No Spoilers: A caricaturist deals with the demands of his editor while his daughter suffers from a mysterious disease that is ravaging the city. Despite the immediacy of the problem, though, the widespread death and growing unease, the newspaper and the government at large seems more interested in pushing the story of the Scrimshander, a sort of bogeyman who is supposed to represent someone to project that fear onto in order to transform fear into hatred. For the caricaturist, made not only spectator but participant in this spectacle, in this willful muddying of the truth, it comes with the knowledge that he’s helping those in power not seek to help him or his family. And from there, the story becomes about what one person can do, and what one person should do, when faced with authoritarian bullshit and widespread corruption.

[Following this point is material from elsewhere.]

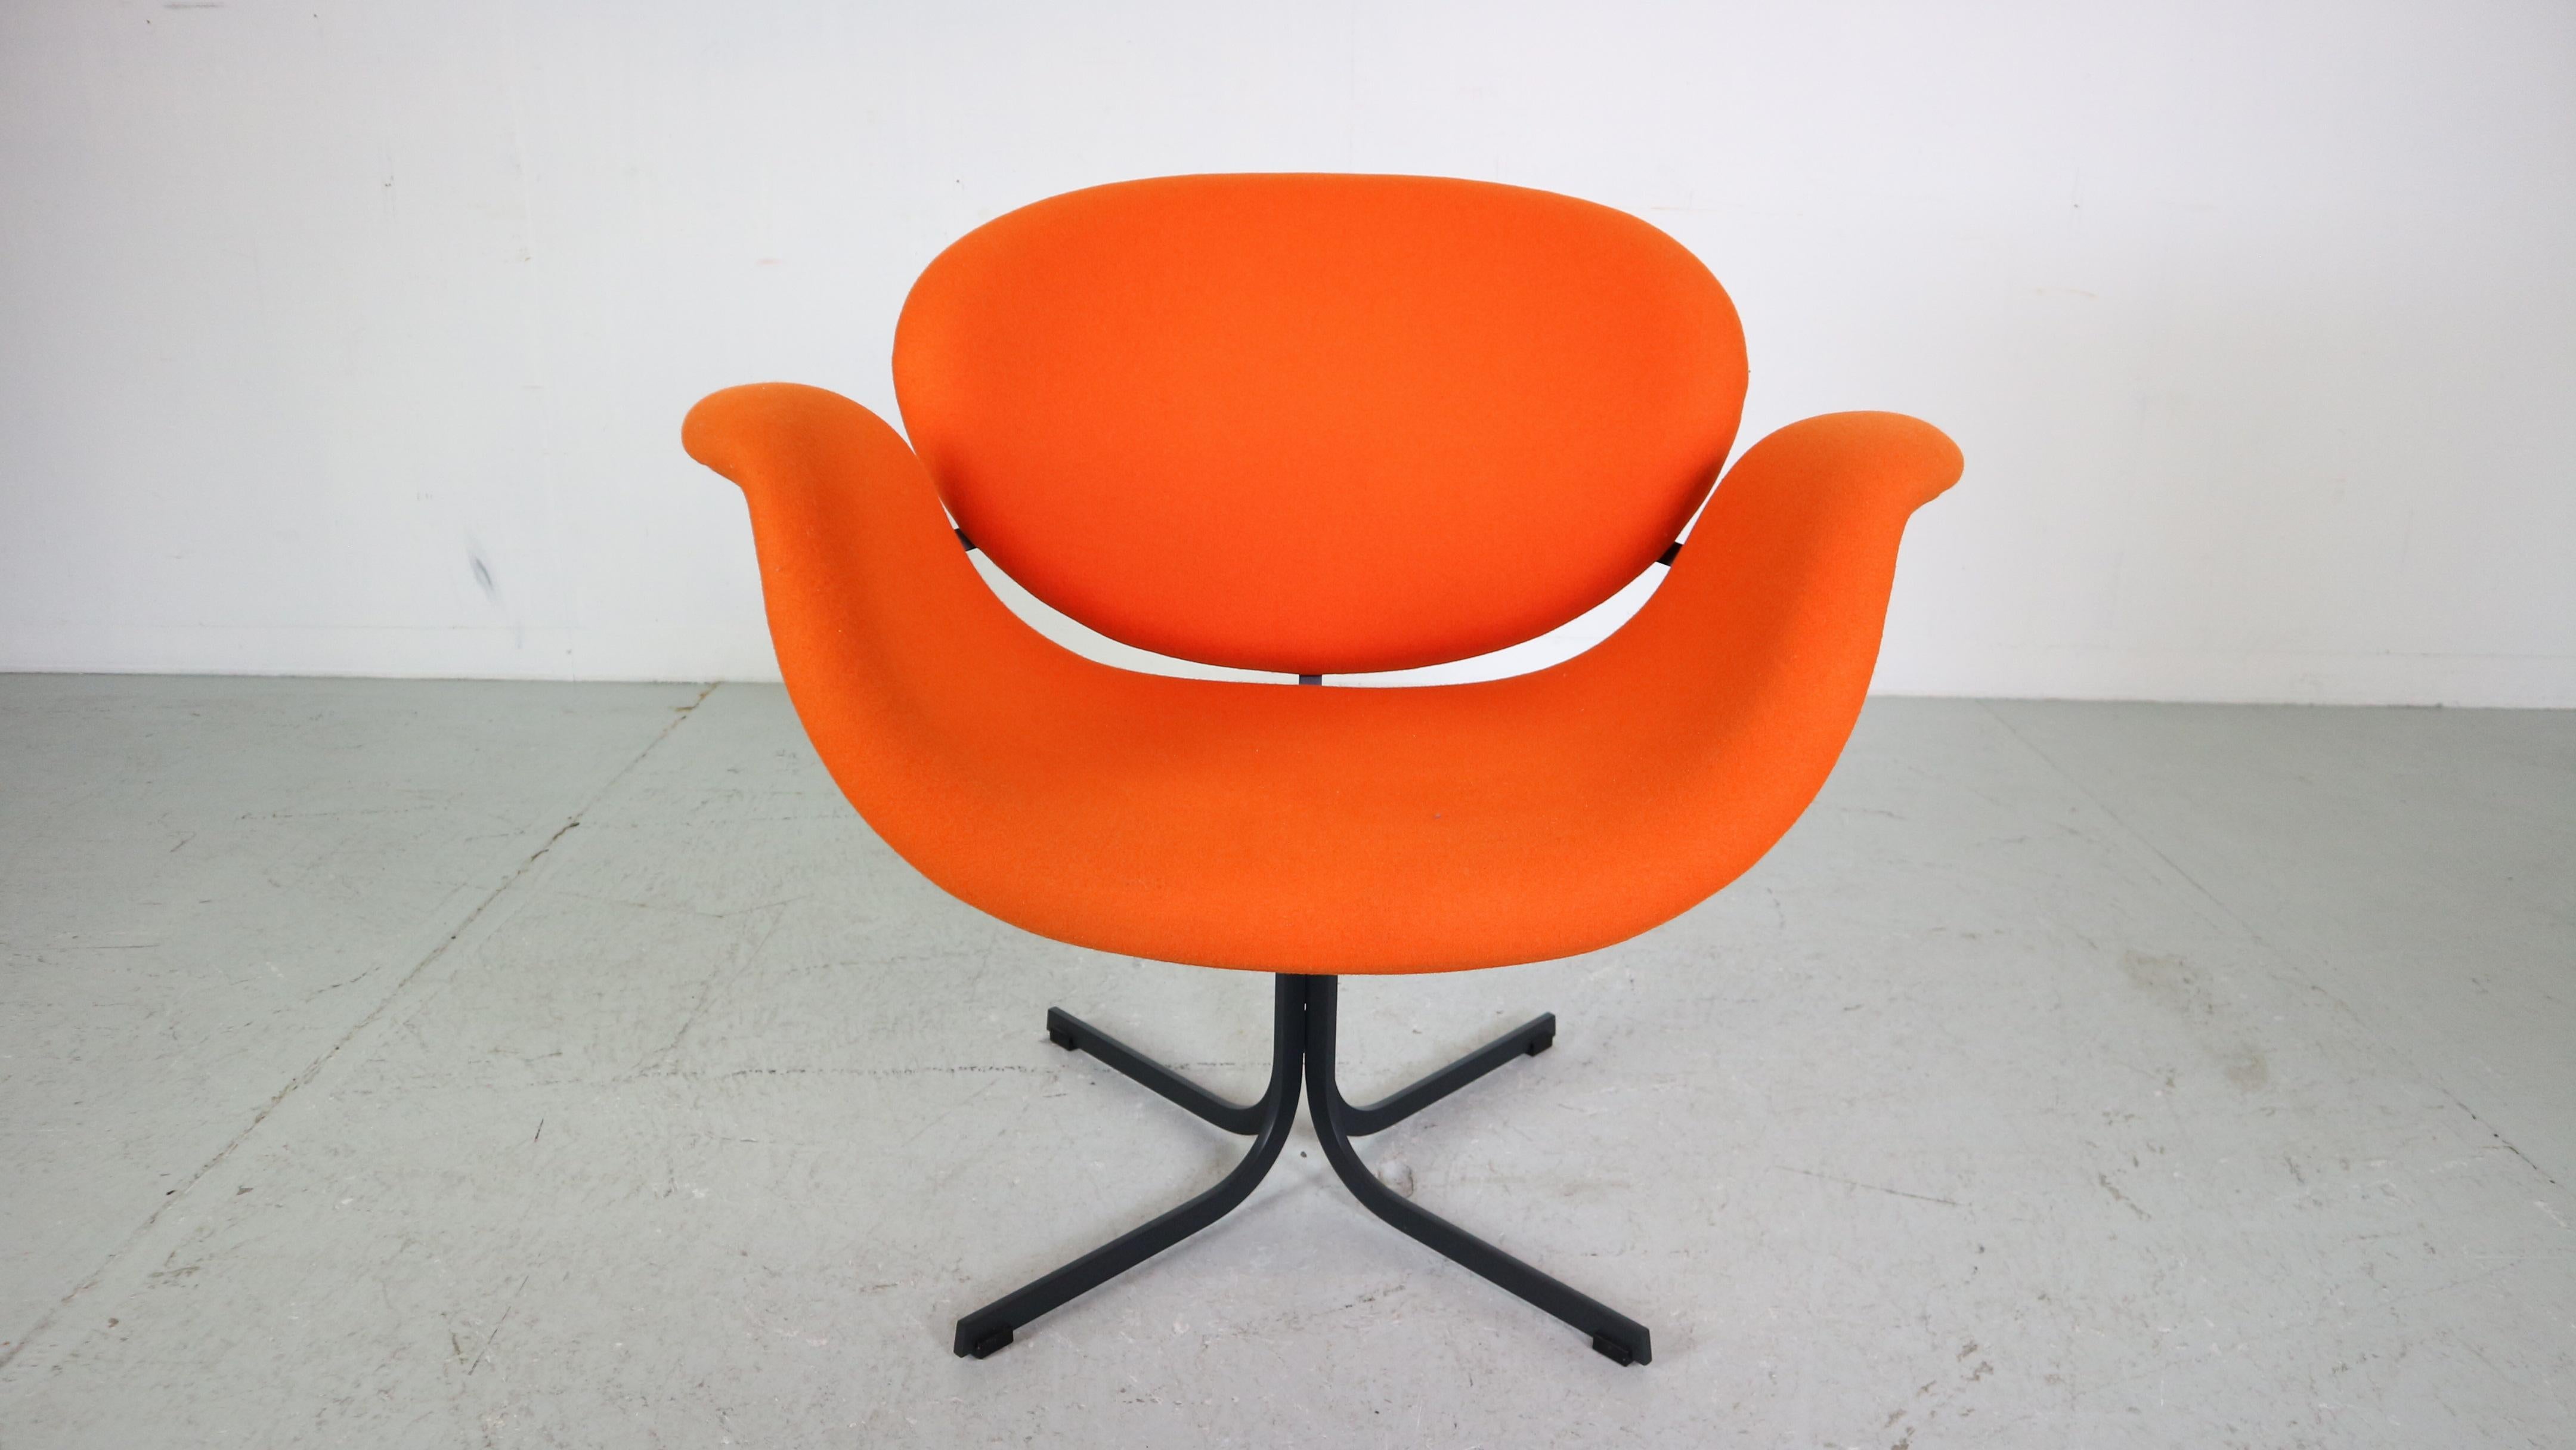 Le Tulip Midi a longtemps été le membre manquant de la famille Tulip. Le fauteuil a été conçu par Pierre Paulin en 1960 et complète aujourd'hui la série Tulipe pour Artifort. Par ses dimensions, ce fauteuil midsize est l'équilibre parfait entre la

Keywords: Newspapers, Disease, Loss, Family, Propaganda, Fear
Review: There are a lot of things that aren’t exactly explained within this story. The origin of the Scrimshander, for one, is never really expanded upon. Nor what exactly Mallinos is, aside from sort of black hole that resides in the sky near the city, and which might be causing the sickness. Whatever the case, the real point of the story doesn’t to me seem to require explanations. Because the real point for me is what’s happening with the caricaturist and his family. How his wife is dead, his child dying. How he is powerless in the face of that. And how that powerlessness can lead him in different directions. But that it needs shape, needs direction. The editor and the politicians are trying to get him to aim that at the Scrimshander, and yet it’s a ruse, a trick. More and more he sees the true face of evil, the true face to blame for what’s happened to him and his family. And it means that he finds a direction to move, finds something To Do. And that becomes vital in all of this, because the point of the propaganda is to get people to do nothing. To accept that this bogey is to blame so that the editor can craft a story that will give people a sort of emotional release without ever having to take responsibility for what happens. And I like that the story holds action as necessary here, shows the caricaturist standing up and resolving to resist, to rebel, and to wake the people up to what’s really going on. It’s a short, but invigorating read!